La risposta giusta infatti è la seconda. Nizzolo è andato forte in salita! E anche ieri a Villabassa il corridore della Israel-Premier Tech è arrivato 76° a 8’03” dal leader, a 7′ e poco più dagli uomini di classifica e soprattutto guidando lui il gruppetto, che tra l’altro non era a fine corsa. Insomma, non è cosa da poco per un velocista, dopo una tappa col Furcia di mezzo e 3.200 metri dislivello.

Il milanese è reduce da una sfortunatissima Milano-Sanremo. Aveva tenuto i migliori ed è caduto in discesa dal Poggio, quando mancavano circa 3 chilometri a Via Roma.

Nel giorno di Lana, con un avvio più soft sul Rolle si sarebbe potuto anche pensare di lottare per la tappa
Nel giorno di Lana, con un avvio più soft sul Rolle si sarebbe potuto anche pensare di lottare per la tappa

Un velocista in salita

Nizzolo al Tour of the Alps. Cosa ci fa un velocista da queste parti?

«Eh, cosa ci fa – sorride Nizzolo – cerca la condizione giusta. E’ insolito sì, ma dato l’infortunio alla Sanremo non ho più potuto fare il programma che volevo e credo che questo sia l’unico appuntamento per fare un po’ di gamba in vista del Giro d’Italia.

«Ieri è stato un bel test. Ho tenuto duro il più possibile. Però stavo bene. Qui ci sono corridori molto più forti di me in salita e mi hanno fatto faticare molto. Però per quanto mi riguarda sono contento della condizione. L’idea è di mantenerla e di migliorarla ancora un po’».

Ecco il milanese in ritiro sull’Etna (immagine da Instagram)
Ecco il milanese in ritiro sull’Etna (immagine da Instagram)

Stimoli alti

Nizzolo ha chiesto al team di portarlo al Tour of the Alps. E quando è così i tecnici non hanno potuto far altro che accontentarlo. Un velocista che chiede di essere portato tra le montagne è un bel segnale. C’è fame, quella giusta, quella che serve.

Dopo lo stop della Sanremo, Giacomo è stato fermo alcuni giorni perché non riusciva neanche a pedalare, ma dopo si è rimesso sotto. Ha fatto tre settimane di altura sull’Etna. Ha corso alla Freccia del Brabante e poi si è messo in viaggio verso Cles.

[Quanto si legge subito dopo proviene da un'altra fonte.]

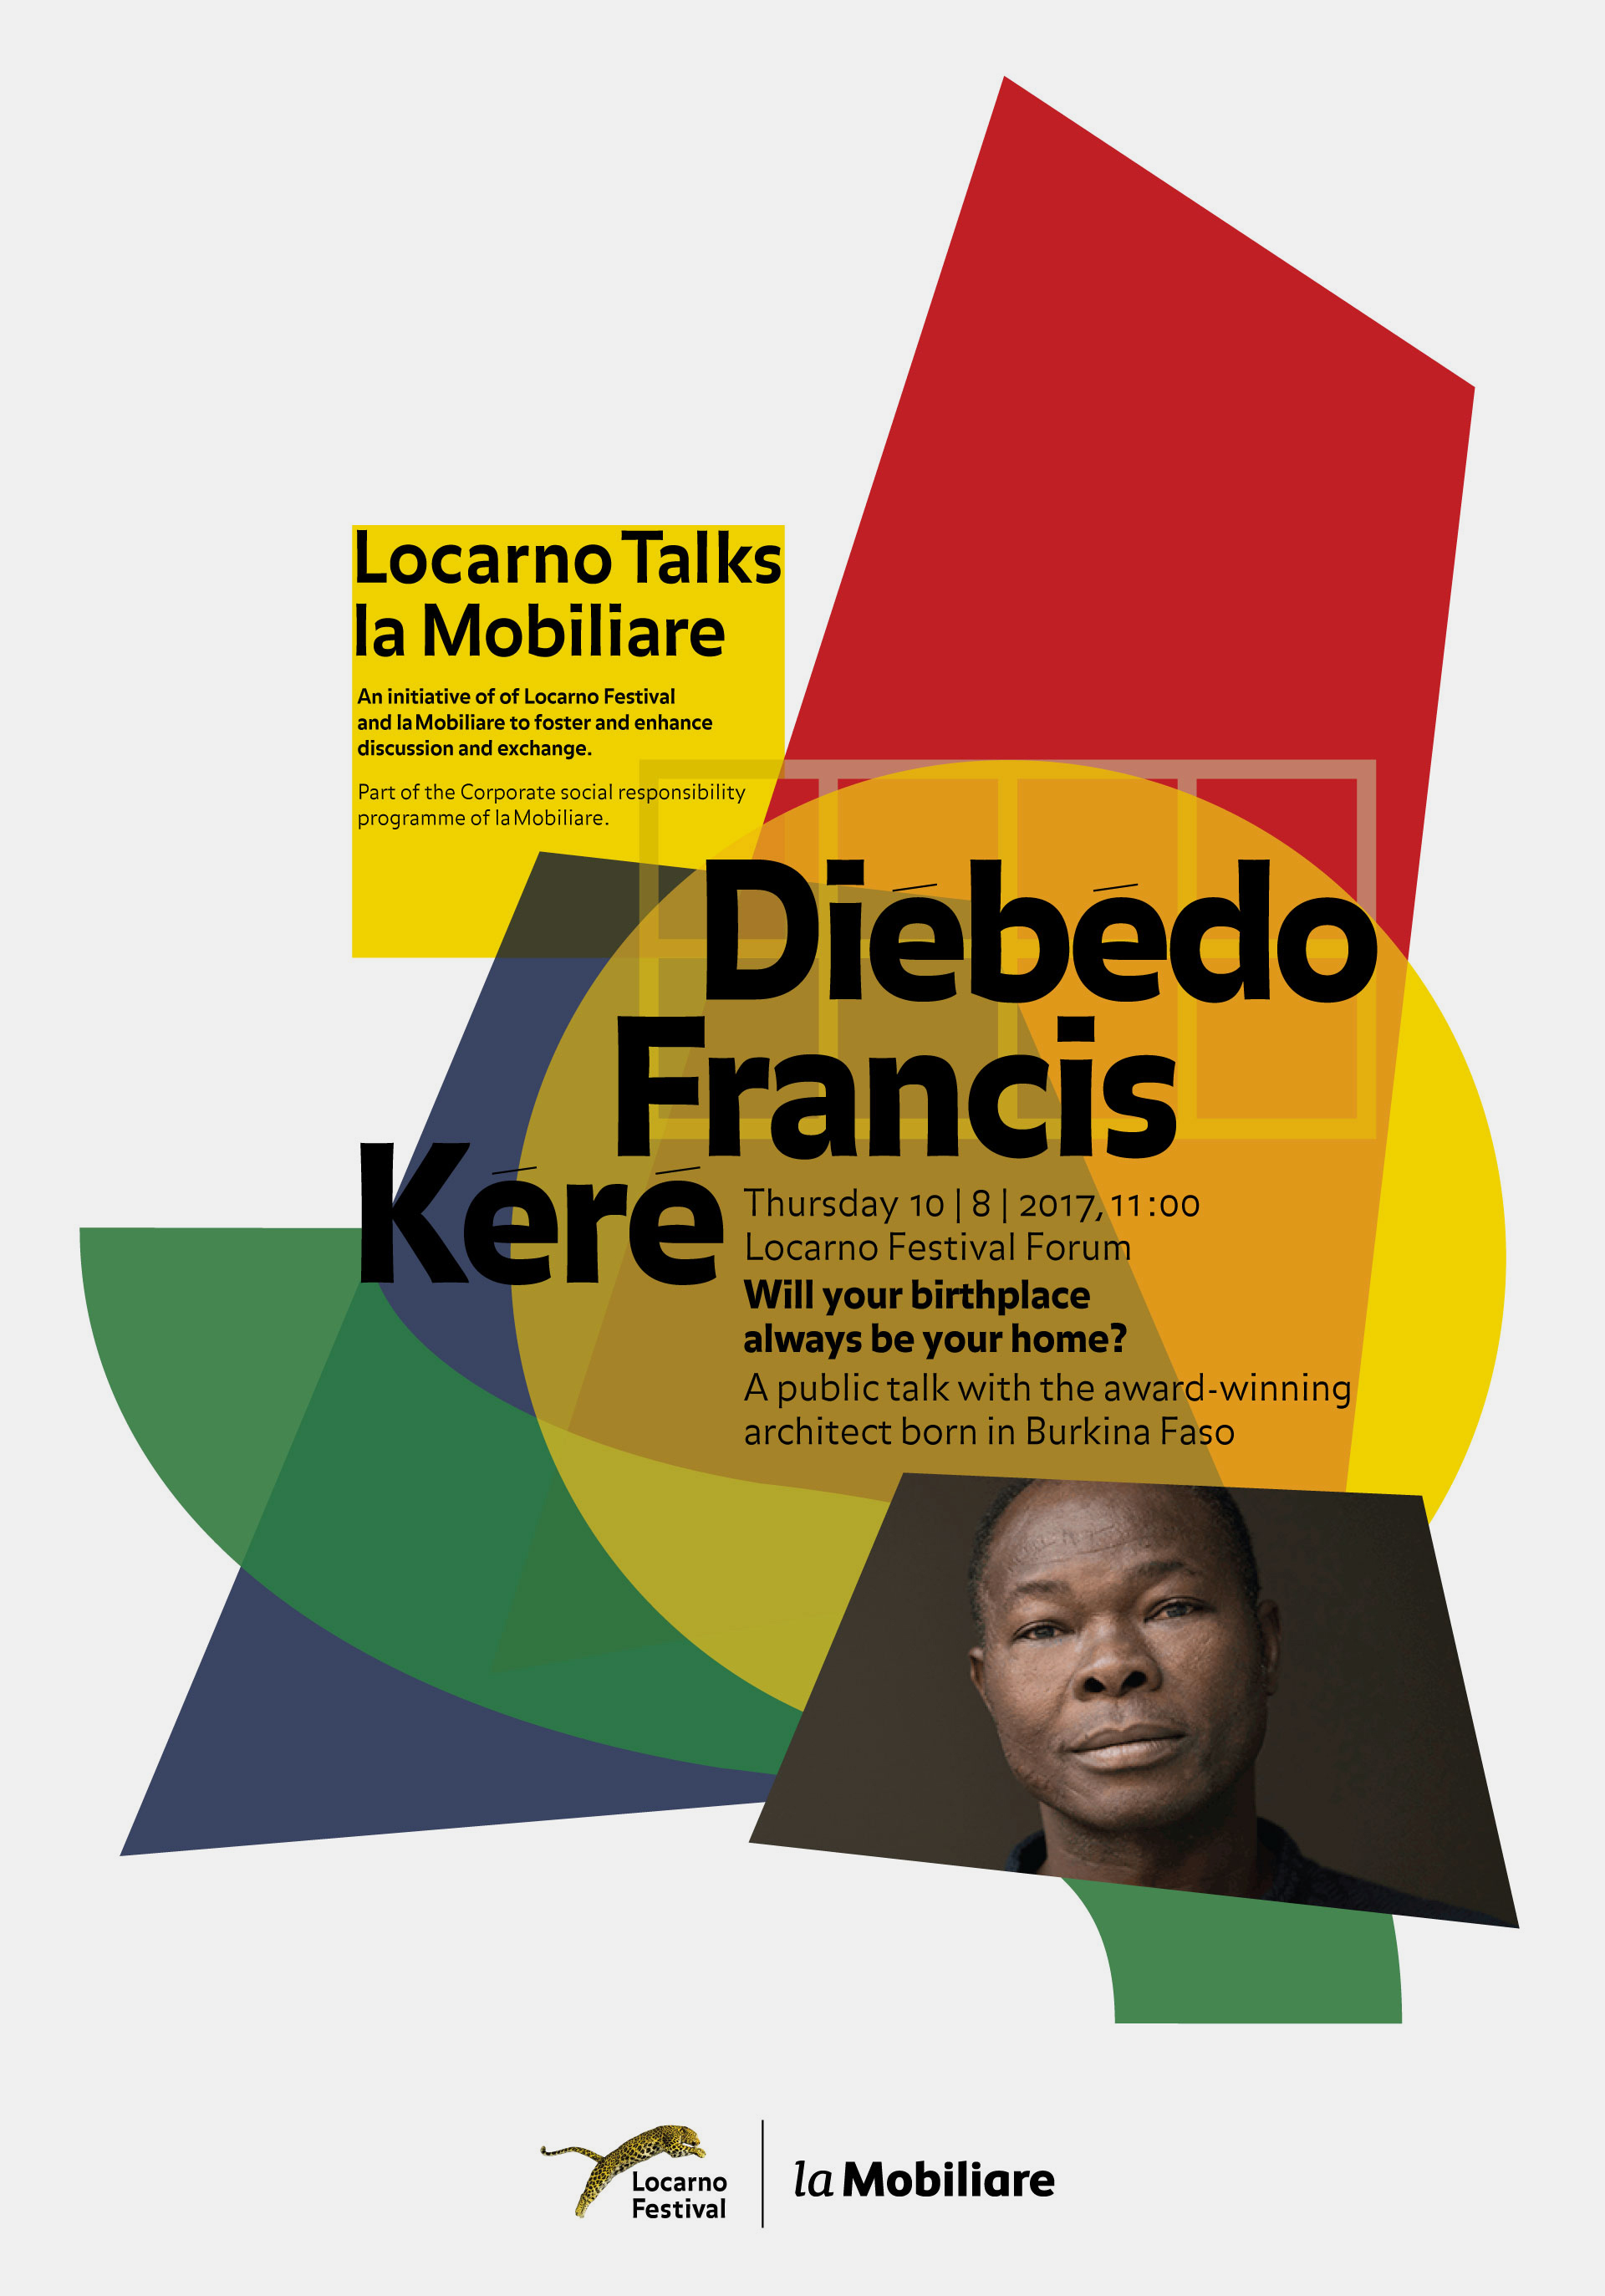 Locarno Talks Francis Kéré

«Gli stimoli – riprende Nizzolo – sicuramente si trovano quando hai voglia e quando hai di fronte a te un obiettivo importante come il Giro d’Italia. Però si trova sempre una soluzione. Dopo Il Tour of the Alps, non farò altura ma andrò al Gp Francoforte e da lì al Giro».

Dopo la grande prestazione di San Martino di Castrozza – Nizzolo ha terminato la sua fatica a 4” dagli scalatori – si pensava che potesse fare bene anche verso Lana. E’ vero che era la tappa con il maggior dislivello di tutto il Tour of the Alps, ma le difficoltà erano concentrate quasi tutte nella prima parte.

Giacomo Nizzolo (classe 1989) non si è risparmiato affatto tra i meleti del Trentino e dell’Alto Adige
Giacomo Nizzolo (classe 1989) non si è risparmiato affatto tra i meleti del Trentino e dell’Alto Adige

Dal Furcia alle colline

Invece, come si dice, la corsa la fanno i corridori e la corsa è esplosa già sul Rolle. E’ successo di tutto. A quel punto Nizzolo si è messo di passo ed è andato all’arrivo. E ieri infatti era di nuovo brillante.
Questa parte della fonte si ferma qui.